With the decline of the military manned space mission in the early ’70s, the Aerospace Research Pilot School was once again re-designated the U.S. Air Force Test Pilot School. This change was more than symbolic. The school replaced its space-oriented phase of curriculum with a whole new battery of courses focusing on systems and test management.
THE MODERN SKIES
New aircraft types arrived in the 1970s: The F-15 Eagle with its advanced engine and fire-control system; the single-engine F-16 Fighting Falcon with its revolutionary, “fly-by-wire” flight control system; and the B-1 Lancer with its multitude of highly sophisticated offensive and defensive systems. These planes more than bore out the ever-increasing importance of systems testing and integration.
At a remote location in 1978 and 1979, an AFFTC test pilot and a pair of flight test engineers were engaged in proof-of-concept testing with Lockheed’s “low-observable” technology demonstrator, dubbed “Have Blue.” The successful conduct of these tests led immediately to the development of a new subsonic attack aircraft that was designated the F-117A Nighthawk.

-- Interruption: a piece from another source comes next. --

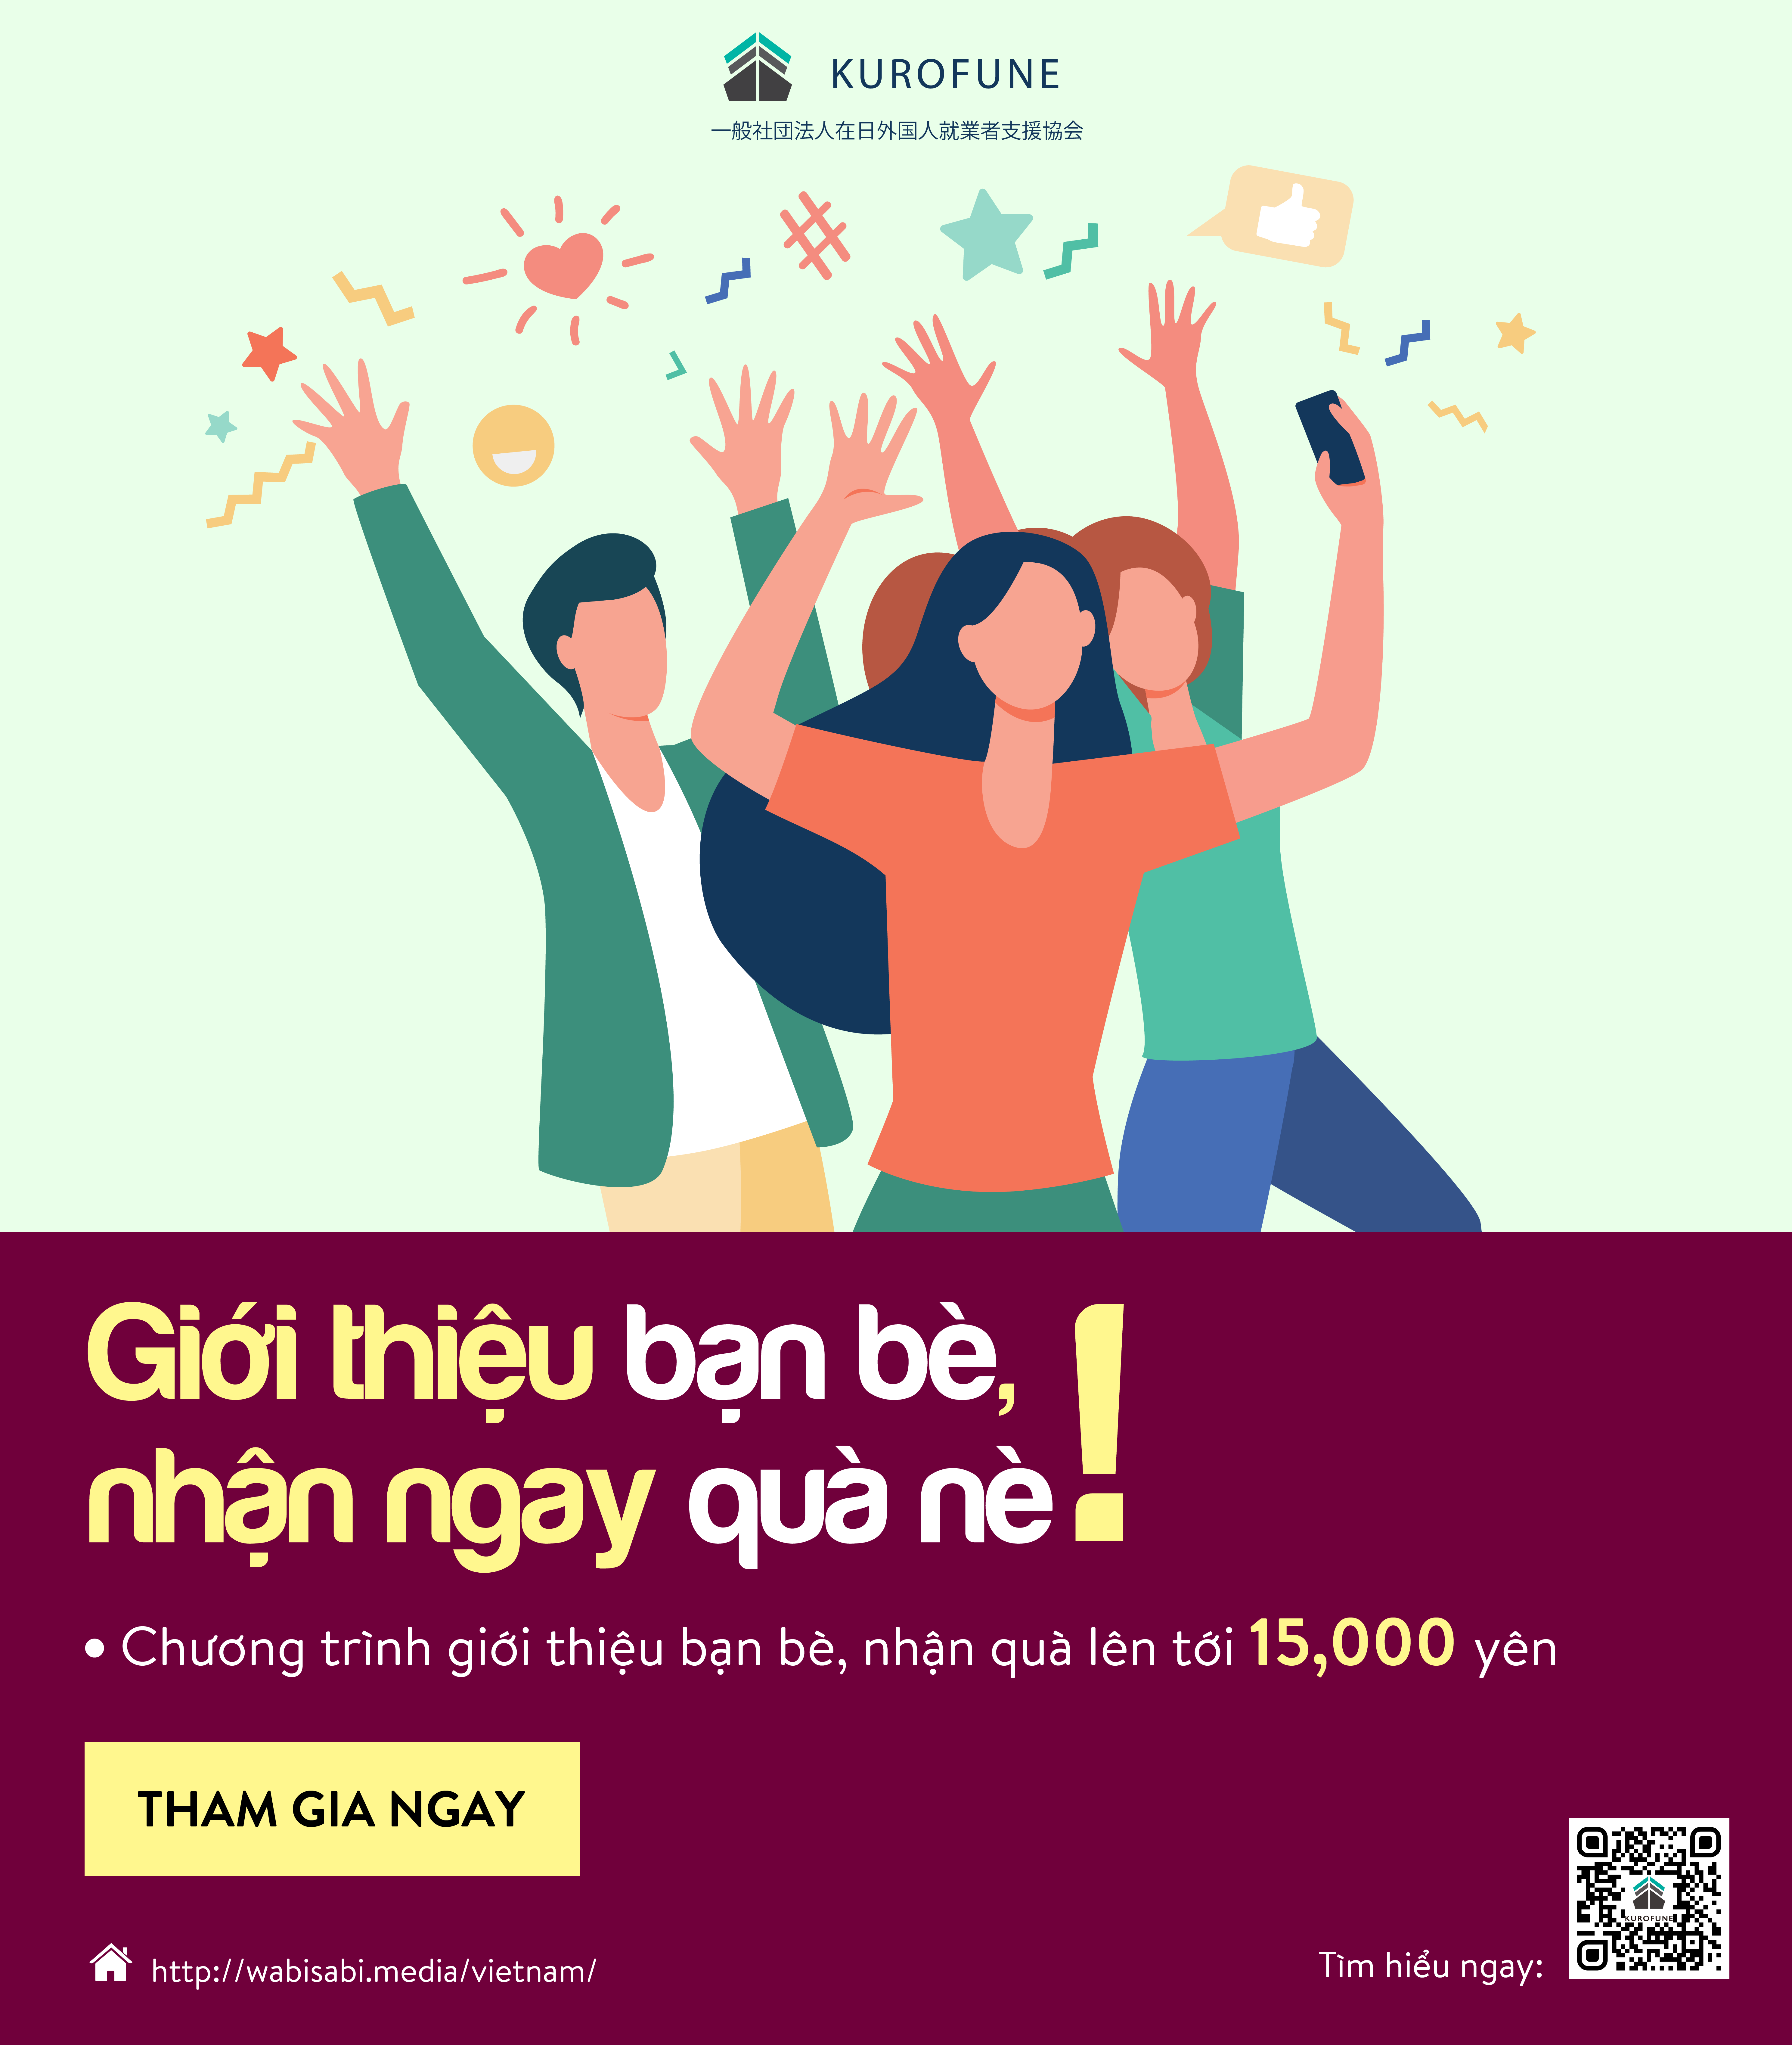 BÂY GIỜ HOẶC KHÔNG BAO GIỜ !! Cơ hội tham gia Hiệp hội hỗ trợ việc cho người Việt Nam tại Nhật Bản VỚI 0 ĐỒNG

The 1980s opened with one of the most dramatic episodes in all of Edwards’ history. At 10:20 a.m. on April 14, 1981, the wheels of the Space Shuttle Columbia touched down on Rogers Dry Lakebed. Astronauts John Young and Robert Crippen had successfully landed the first orbiting space vehicle ever to leave the Earth under rocket power and return on the wings of an aircraft.
The late 1980s also witnessed the arrival of the first giant flying wing to soar over the base in nearly 40 years. The thin silhouette, compound curves and other low-observable characteristics of the B-2 Spirit bomber represented third-generation stealth technology, following the SR-71 and F-117.
WHERE WE STAND TODAY
The new bomber was soon followed in the early ’90s by the arrival of the YF-22A and the YF-23A, prototype fighters for the F-22 Raptor, the first aircraft to blend stealth with agility, high-speed, and supersonic cruise capability.
A new group of research projects came to Edwards in the 1990s. Global Hawk, an unmanned aerial vehicle that has been used extensively in Afghanistan and Iraq, made its first flight at Edwards in February 1998 and has gone on to fill a critical role in America’s war on terrorism. Followed by Predator and Reaper counterparts tested at Edwards, these systems have become household names in the U.S., and feared by America’s enemies.
The new millennium brought new projects with worldwide impact. The X-35A and X-32A, competing prototypes for the Joint Strike Fighter program, made their first flights in September and October 2000. The resulting F-35 Lightening II was built in three versions for the Air Force, Navy, Marine Corps, as well as multiple foreign military partners.
In 2012, the Air Force Flight Test Center (AFFTC) became the Air Force Test Center (AFTC), part of a new five-center construct across Air Force Material Command. The new name reflected AFTC’s expanded mission, now including test activities at Eglin AFB and Arnold AFB as well as flight test activities at Edwards.
Revolutionary changes in technology have imposed seemingly insurmountable obstacles. Each barrier, however, has been overcome through a combination of technical aptitude, daring ingenuity and skillful leadership. Indeed, the Air Force Test Center’s unique blend of natural, technical and human resources have transformed it into an irreplaceable national asset.